I just can't put that topic to rest, can I? As much as several of my readers are probably getting annoyed by me chewing on the same bone and writing about the same topic over and over again, it seems like I always have new thoughts, new ideas to put to ink and feel compelled to share.

My very first article on this site was about Universal Basic Income. Following that, I wrote an article about how fake our economy is. Then an article defending scammers, briefly touching the subject of UBI. Then an article that somehow connected (sexual) consent to UBI, drawing parallels between sex and work. Then an article about how UBI unifies all meanings of freedom. Then an article literally about financing UBI realistically. Then an article about how UBI would be cheaper than the existence of bull**** jobs. Then an article touching the connection between automation and UBI. Then yet another article somehow connecting consent to UBI. That's a whopping NINE articles about essentially the same topic! Isn't it a chewed-down bone already? What more could I say about Universal Basic Income?

Ho boy, there are still some thoughts I'd like to lay to virtual ink, and I hope I don't miss any of them today. I hope, that this shall be the UBI-article to end all UBI-articles.

Why We'll Never Have It, probably

The Frankenstein Economy

To paraphrase an earlier article of mine: the economical system we live under is neither Capitalism nor Socialism, but a weird Frankenstein hybrid that combines the worst of both worlds, while lacking the advantages of either. Just like under any true Capitalist system, even the air you breathe costs money - however, just like under many Socialist systems, welfare is given to some people (albeit the bureaucracy that decides who is eligible is very byzantine), government red tape chokes anyone who wants to do business, taxes are high, etc.

You could even call this system Neo-Feudalism, as it benefits no one, but the top 1%, being hostile to both the working proletariat and small-time entrepreneurs alike. I'm not saying that my opinion is fact, but I believe that if you share this opinion with me, it becomes far easier to understand why the elite is not your friend. It becomes far more easy to rationalize the existence of bull**** jobs.

The late David Graeber - in both his shorter essay and his 368-page book - made the claim that a good deal of our jobs, possibly even half of them, are unneeded. In his book, he categorized these people into five categories. I won't get into details about that.
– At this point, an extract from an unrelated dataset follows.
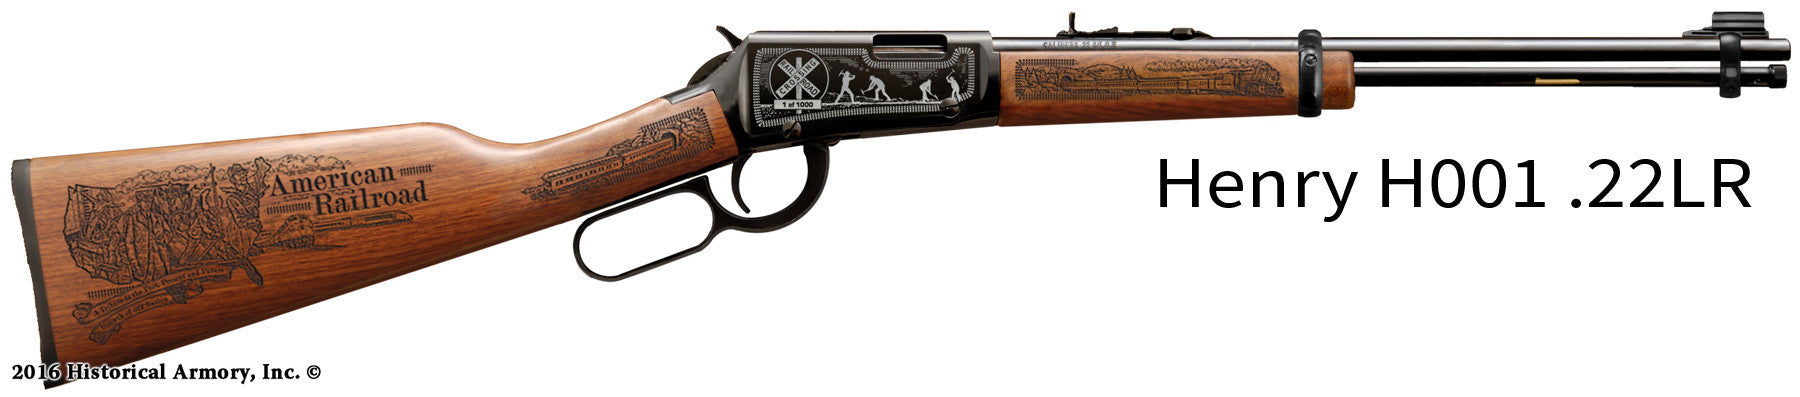 American Railroad Engraved Henry Rifle
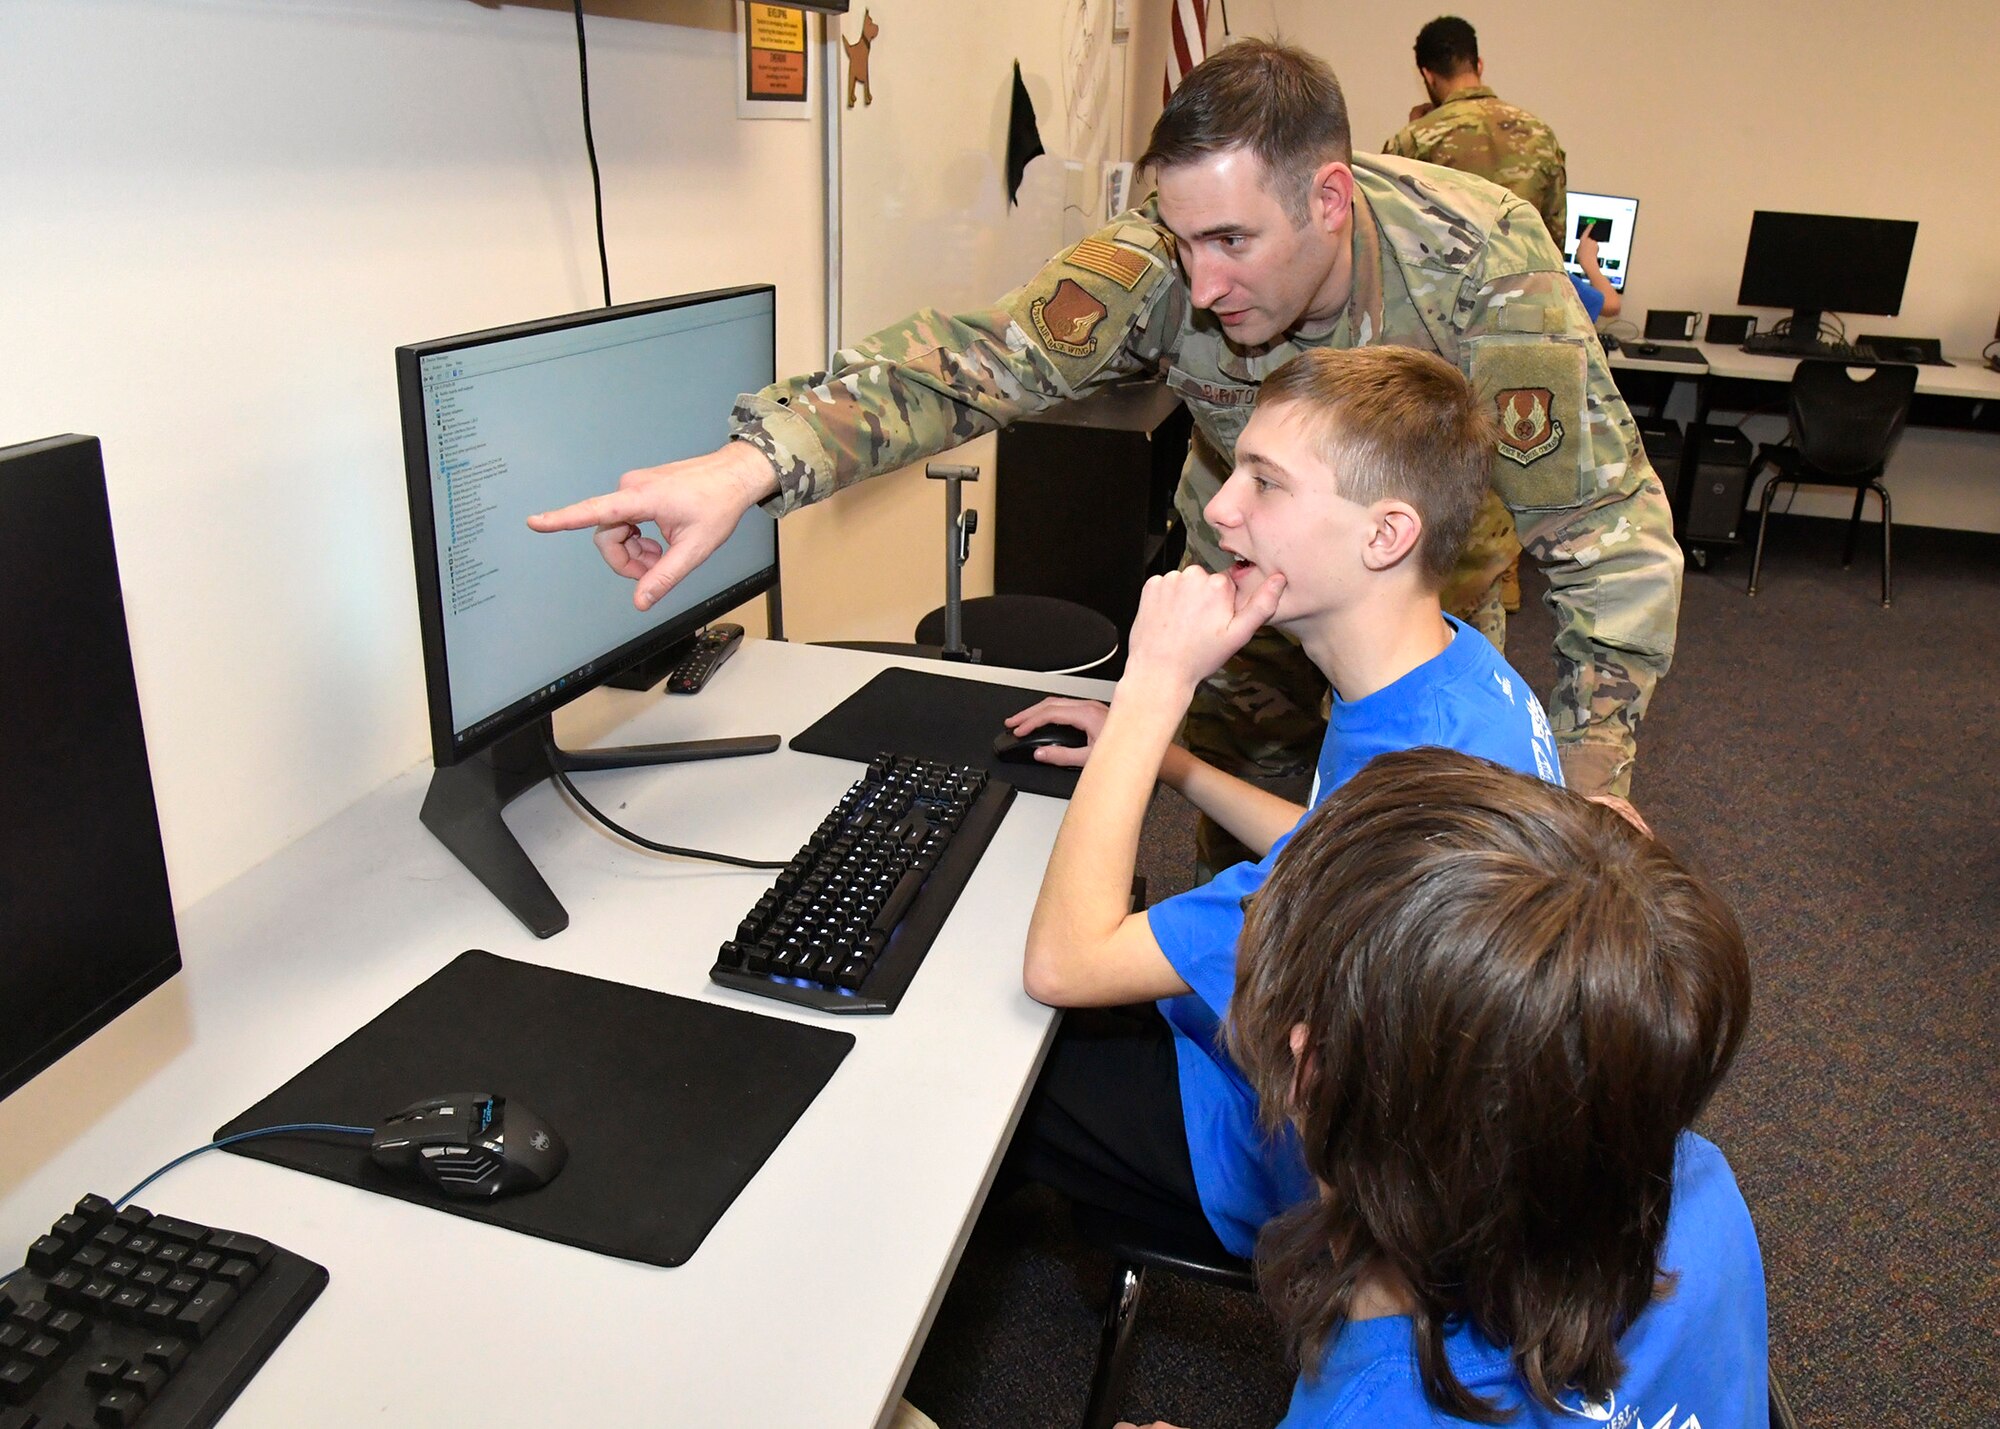 Master Sgt. Jarred Dirito, Flight Chief network infrastructure, 75th Communication and Information Directorate, reviews an image with students Feb. 14, 2024, at Quest Academy Charter School in West Haven, Utah. The student team recently competed in the National Youth Cyber Defense Competition, the nation's largest that puts middle and high school students in charge of securing a simulated virtual network. The middle school team placed first in the state of Utah this year, which was in the top 11% nationally of the state finals competition and in the top 15% nationally in the national semi-finals.

What stood out to me the most, was that he asked an important question. You see, these useless, unneeded jobs are largely in the private, corporate sector. In Communist countries, work was seen as both a right and a sacred duty, so in a desperate attempt to keep unemployment at zero, they invented fake jobs, or had three people do what should have been one man's job, etc. You'd think that this is specifically what's not supposed to happen under Capitalism and the ruthless market competition, yet it happens. Why does it happen?

The late Graeber spent most of the ink on explaining the answer to that question in detail, but it more or less boils down to managerial feudalism, and the ruling classes wanting to keep us working at all costs.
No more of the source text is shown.